Here we flesh out this analysis and look at how all institutes
perform by this measure (Berg, and now Lorsch, only analyzed GM). One
caveat is that we only have access to total.cost in NIH
EXPORTER, so the numbers include indirect costs. But, this is real cost
to the tax-payer.
First, we need to calculate the lifetime costs of all R01 grants.

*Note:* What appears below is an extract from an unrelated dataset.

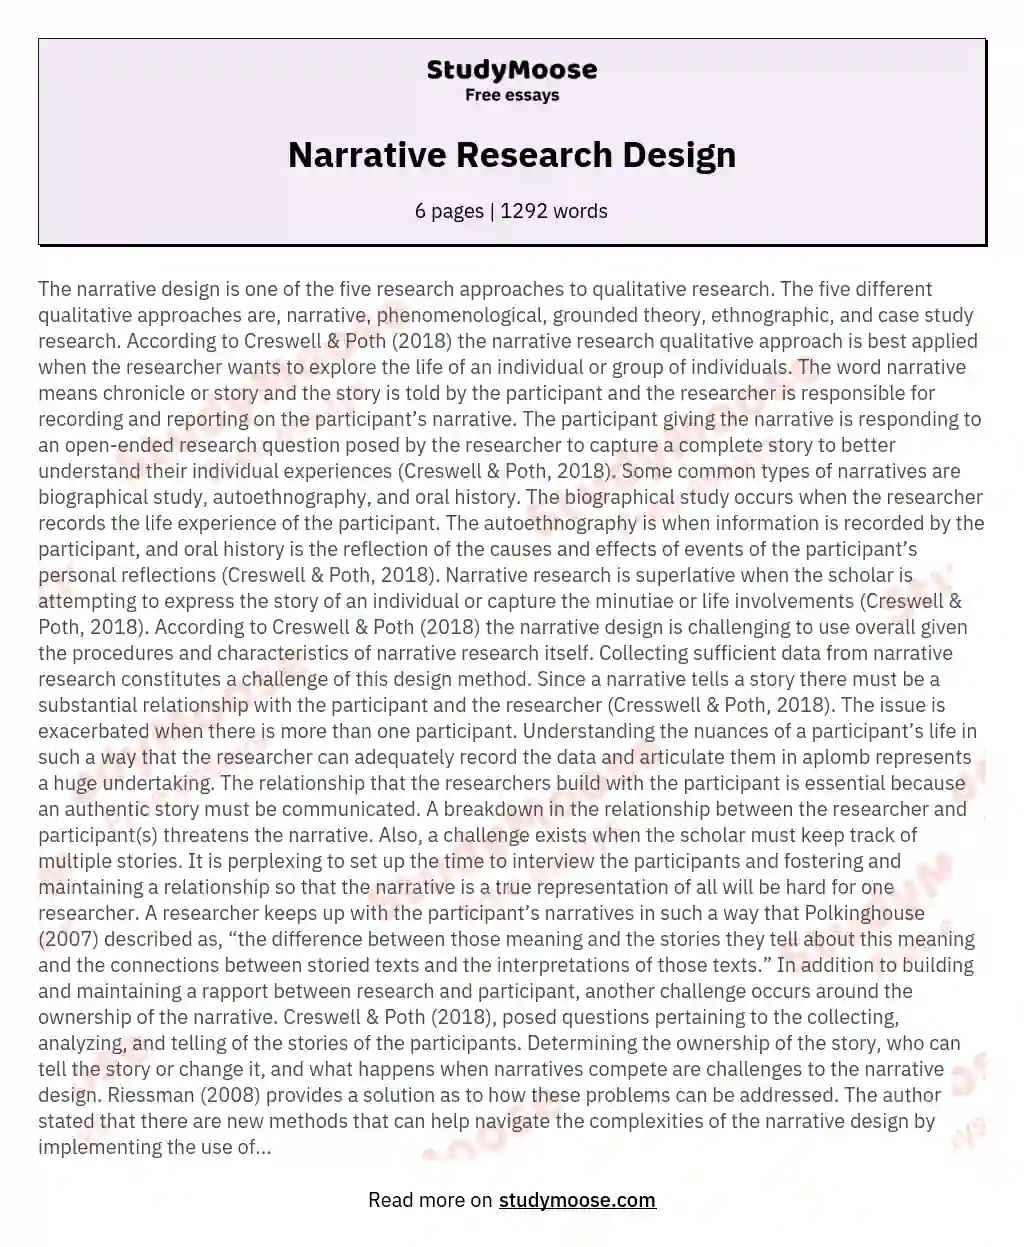 example of narrative analysis research title
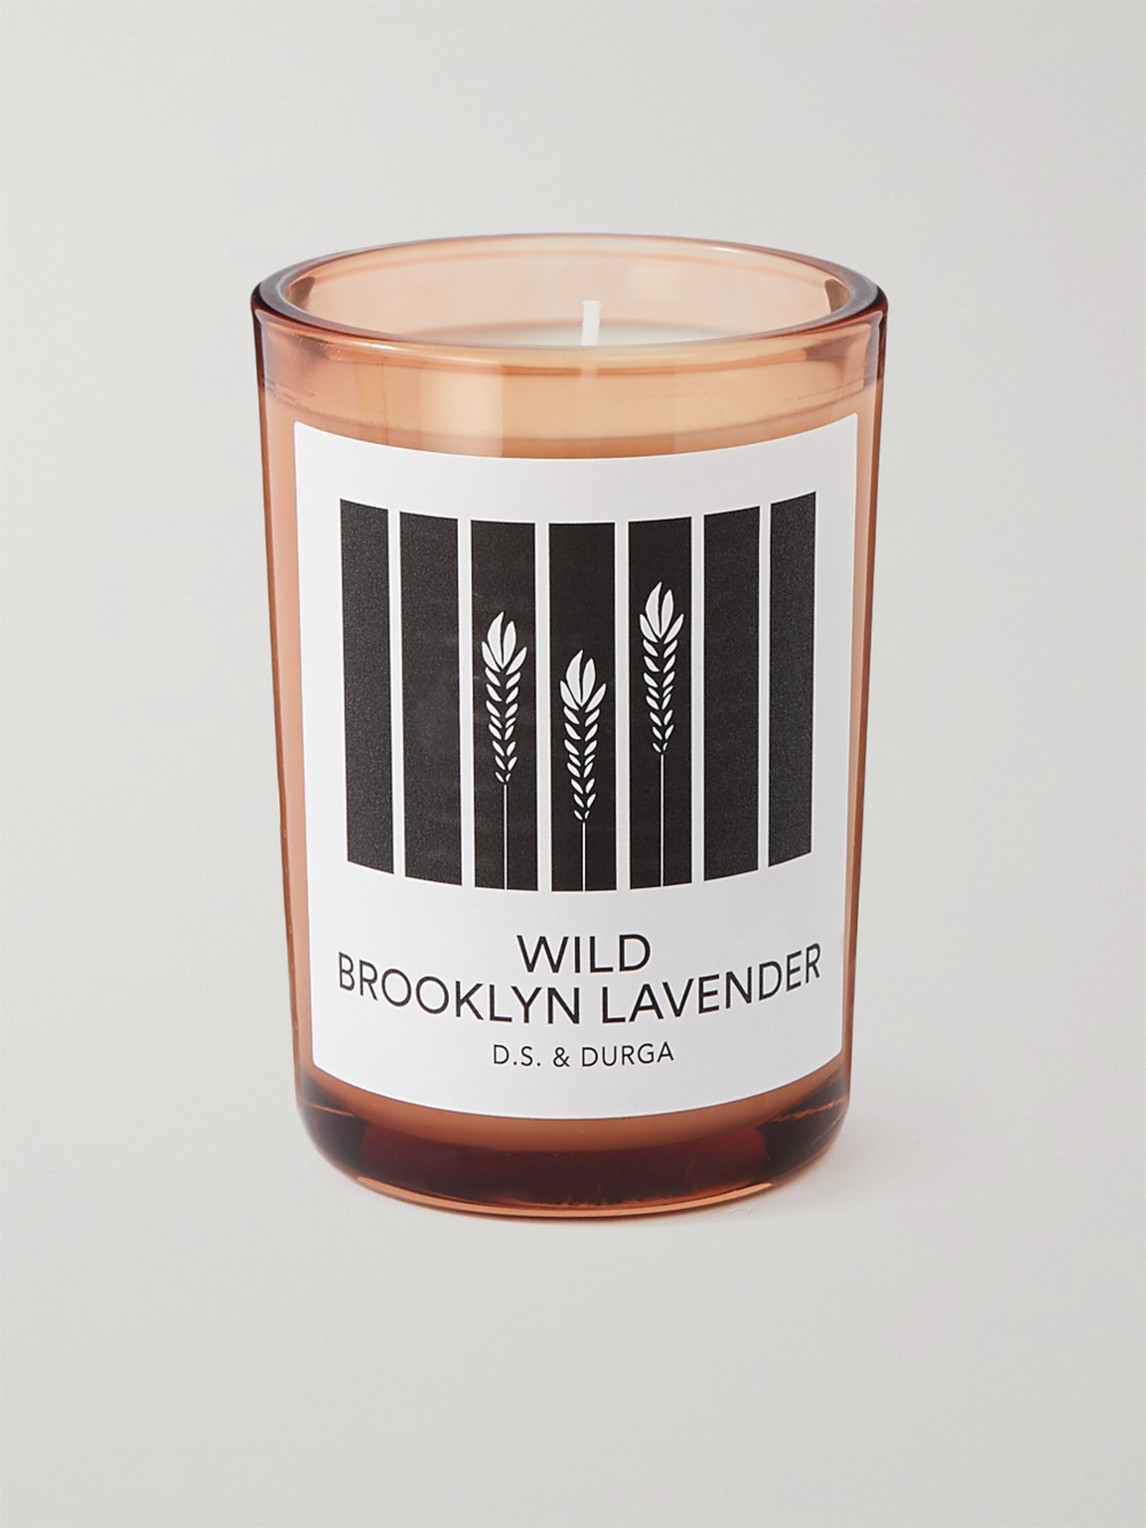 D.s. & Durga Wild Brooklyn Lavender Scented Candle, 200g In Colorless

# calculate costs of all grants, over the entire lifetime of the grant
grant_costs <- projects |>
filter(institute %in% nih_institutes & activity == 'R01') |>
left_join(project_io, by = 'project_num') |>
select(institute, project_num, total_cost, n_pubs) |>
unique()
grant_costs
#> # A tibble: 116,579 × 4
#> institute project_num total_cost n_pubs
#> <fct> <chr> <dbl> <int>
#> 1 AA R01AA000187 192057 67
#> 2 AA R01AA000279 1368179 6
#> 3 AA R01AA000626 4256757 118
#> 4 AA R01AA002666 2635998 171
#> 5 AA R01AA002686 9560051 73
#> 6 AA R01AA003037 710028 16
#> 7 AA R01AA003490 2285856 33
#> 8 AA R01AA003972 2695918 58
#> 9 AA R01AA004610 5035947 39
#> 10 AA R01AA004961 477993 76
#> # ℹ 116,569 more rowsNext, we need to identify grants in each of the bins that Berg
previously alluded to. dplyr makes this easy with the
ntile() function. Berg previously divided grants into ~15
bins, we’ll bin into ~5%.
bin_grant_costs <- grant_costs |>
group_by(institute) |>
group_by(n_tile = ntile(total_cost, 20))
bin_grant_costs
#> # A tibble: 116,579 × 5
#> # Groups: n_tile [20]
#> institute project_num total_cost n_pubs n_tile
#> <fct> <chr> <dbl> <int> <int>
#> 1 AA R01AA000187 192057 67 1
#> 2 AA R01AA000279 1368179 6 8
#> 3 AA R01AA000626 4256757 118 19
#> 4 AA R01AA002666 2635998 171 16
#> 5 AA R01AA002686 9560051 73 20
#> 6 AA R01AA003037 710028 16 3
#> 7 AA R01AA003490 2285856 33 15
#> 8 AA R01AA003972 2695918 58 16
#> 9 AA R01AA004610 5035947 39 20
#> 10 AA R01AA004961 477993 76 2
#> # ℹ 116,569 more rows
# Berg's original values ...
# breaks <- c(175000, 200000, 225000, 250000, 300000, 375000, 400000,
# 450000, 500000, 600000, 700000, 800000, 900000, 1000000)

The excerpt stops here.